The Fock matrix is F = H_core + J - 0.5 * K. The 0.5 factor arises because the density matrix D includes a factor of 2 from double occupancy (Szabo and Ostlund convention for closed-shell RHF).
The SCF Loop
A complete SCF iteration:
- Build the Fock matrix F from the current density D.
- Transform to the orthogonal basis: F’ = X^T F X, where X = S^{-1/2}.
- Diagonalize F’ to get orbital energies and coefficients.

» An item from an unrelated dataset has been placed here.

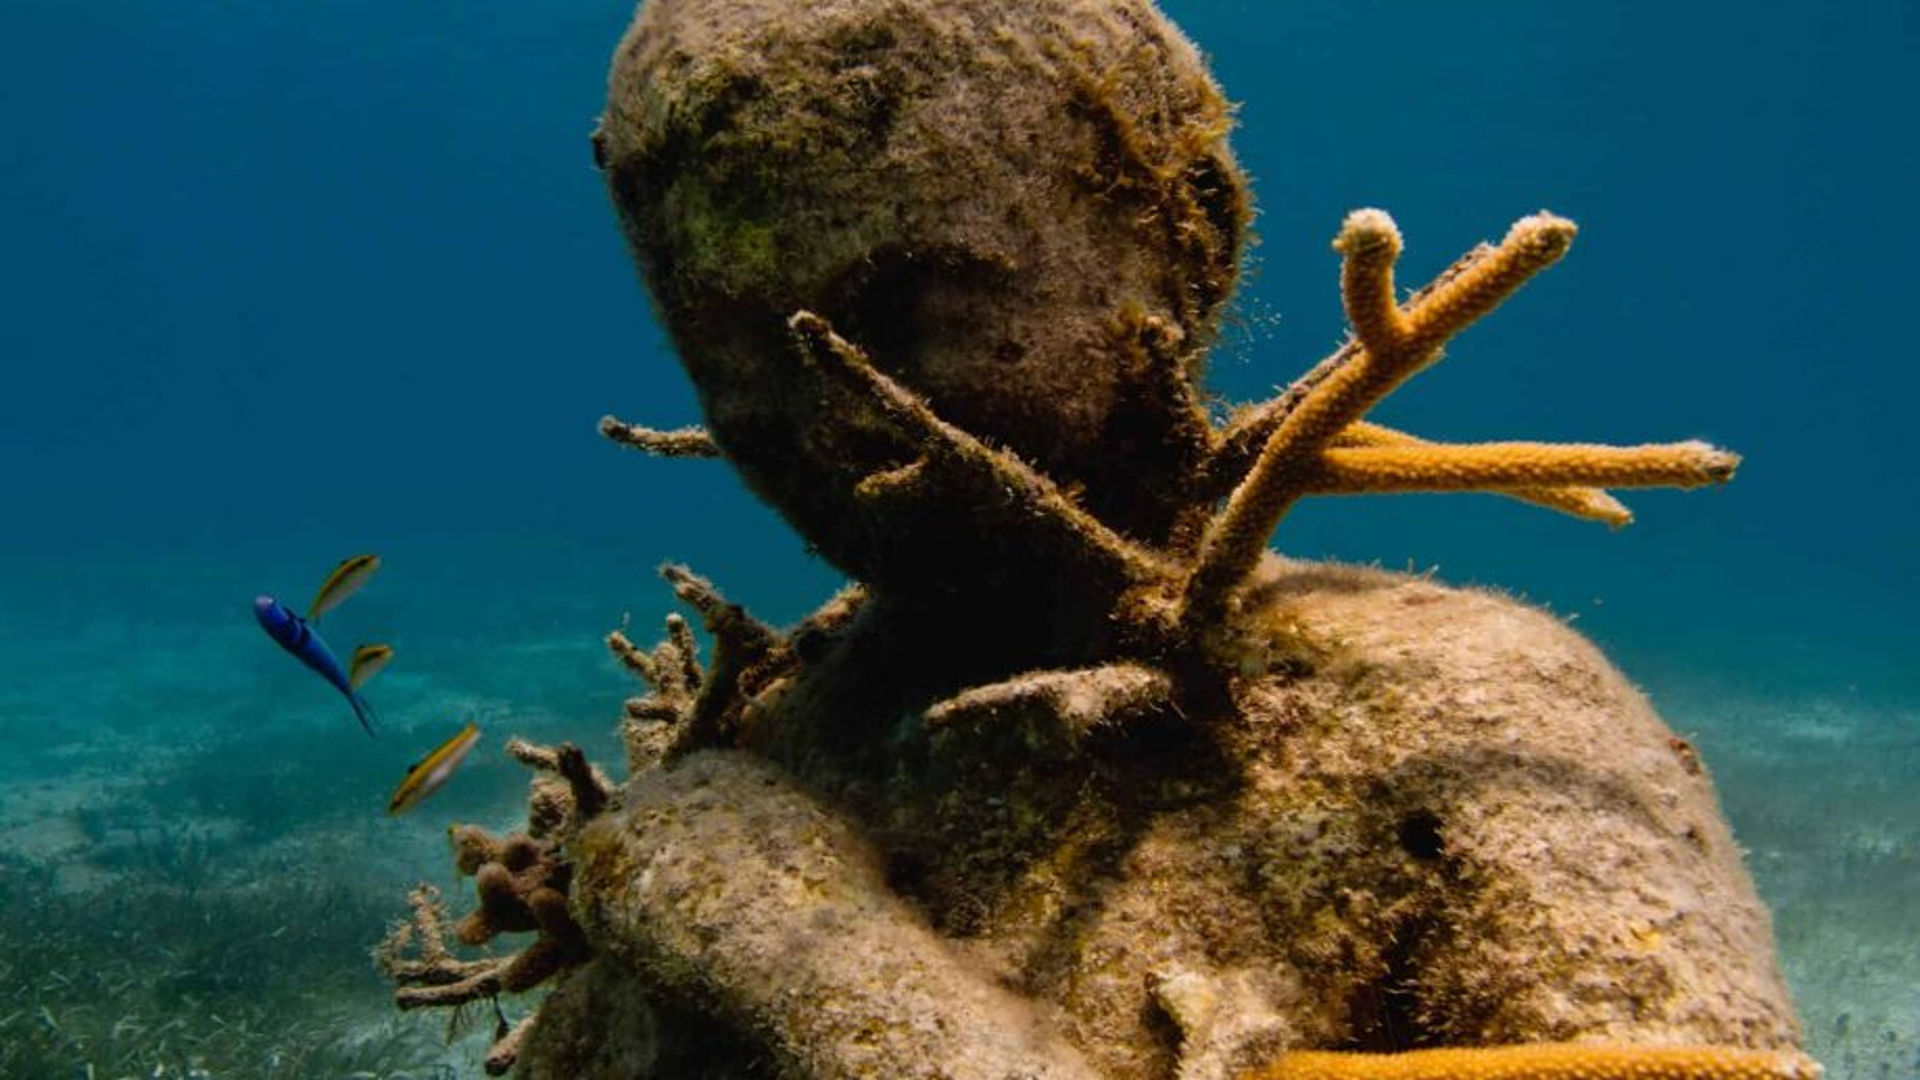 Underwater sculptures: creating life and awareness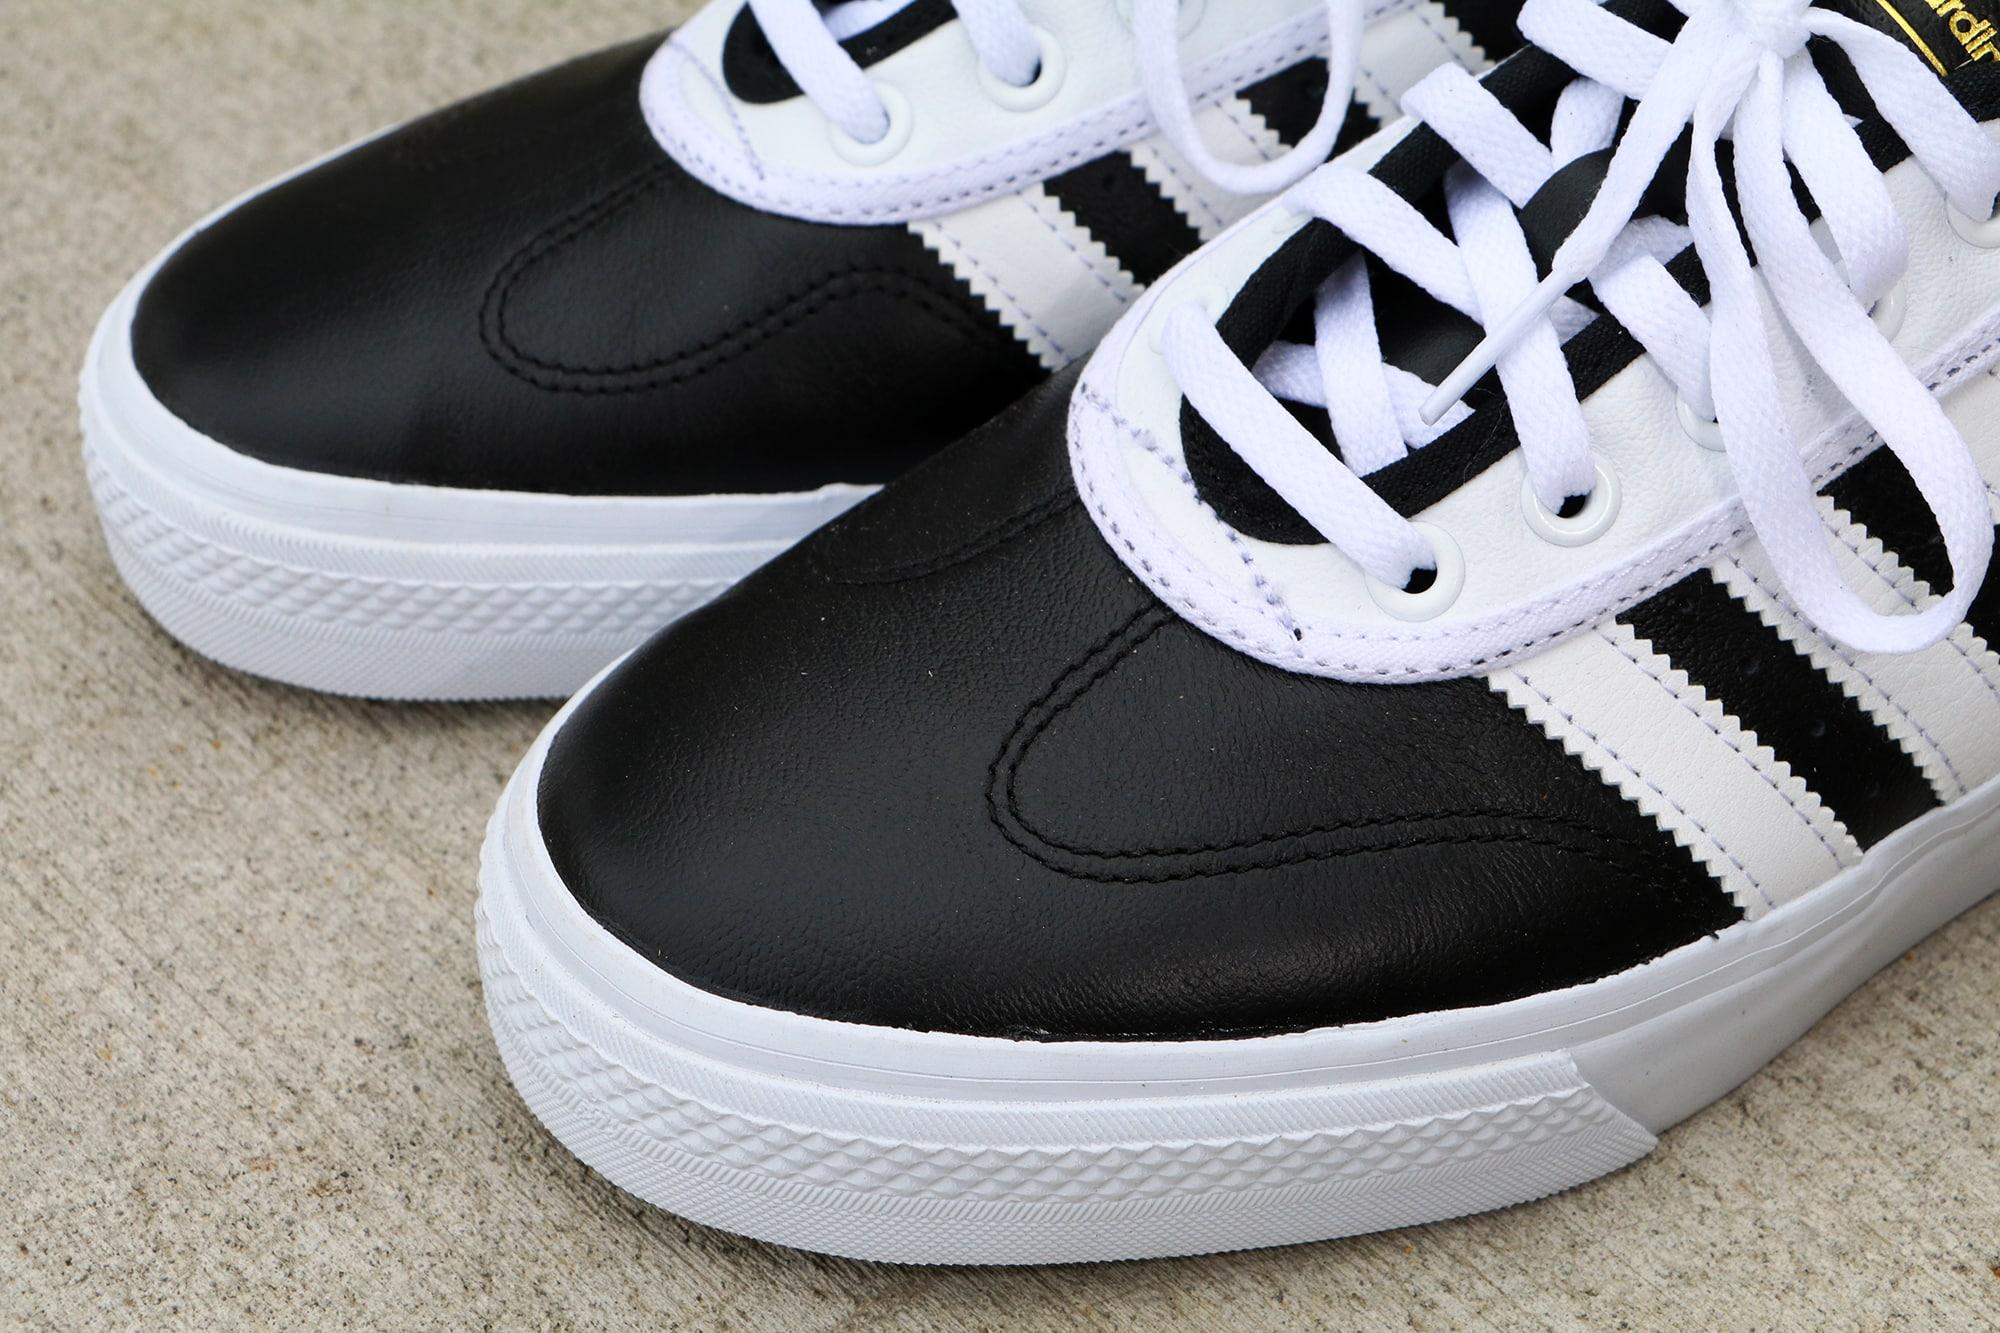 Adidas Adi Ease Premiere Universal Skate Shoes Tactics

- Back-transform coefficients: C = X C’.
- Build new density: D = 2 C_occ C_occ^T.
- Check convergence (energy change and density change).
Canonical orthogonalization produces X = S^{-1/2} via eigendecomposition of S:
Python:
from scipy import linalg
s_vals, U = linalg.eigh(S)
s_inv_sqrt = np.zeros_like(s_vals)
mask = s_vals > 1e-10
s_inv_sqrt[mask] = 1.0 / np.sqrt(s_vals[mask])
X = U @ np.diag(s_inv_sqrt) @ U.T
C++:
Eigen::SelfAdjointEigenSolver<Eigen::MatrixXd> es(S);
Eigen::VectorXd s_vals = es.eigenvalues();
Eigen::MatrixXd U = es.eigenvectors();
Eigen::VectorXd s_inv_sqrt(s_vals.size());
for (int i = 0; i < s_vals.size(); ++i) {
s_inv_sqrt(i) = (s_vals(i) > 1e-10) ? 1.0 / std::sqrt(s_vals(i)) : 0.0;
}
Eigen::MatrixXd X = U * s_inv_sqrt.asDiagonal() * U.transpose();
DIIS acceleration typically cuts the iteration count by 2-3x. The error vector e = FDS - SDF vanishes at self-consistency. DIIS maintains a history of Fock matrices and error vectors, then extrapolates an improved Fock matrix via least-squares minimization of the error norm.
Python DIIS class:
class DIIS:
def __init__(self, max_size=6):
self.max_size = max_size
self.fock_list, self.error_list = [], []
def add(self, F, error):
self.fock_list.append(F.copy())
self.error_list.append(error.copy())
if len(self.fock_list) > self.max_size:
self.fock_list.pop(0)
self.error_list.pop(0)
def extrapolate(self):
n = len(self.fock_list)
if n < 2:
return self.fock_list[-1]
B = np.zeros((n + 1, n + 1))
for i in range(n):
for j in range(n):
B[i, j] = np.sum(self.error_list[i] * self.error_list[j])
B[n, :n] = -1.0
B[:n, n] = -1.0
rhs = np.zeros(n + 1)
rhs[n] = -1.0
c = np.linalg.solve(B, rhs)
return sum(c[i] * self.fock_list[i] for i in range(n))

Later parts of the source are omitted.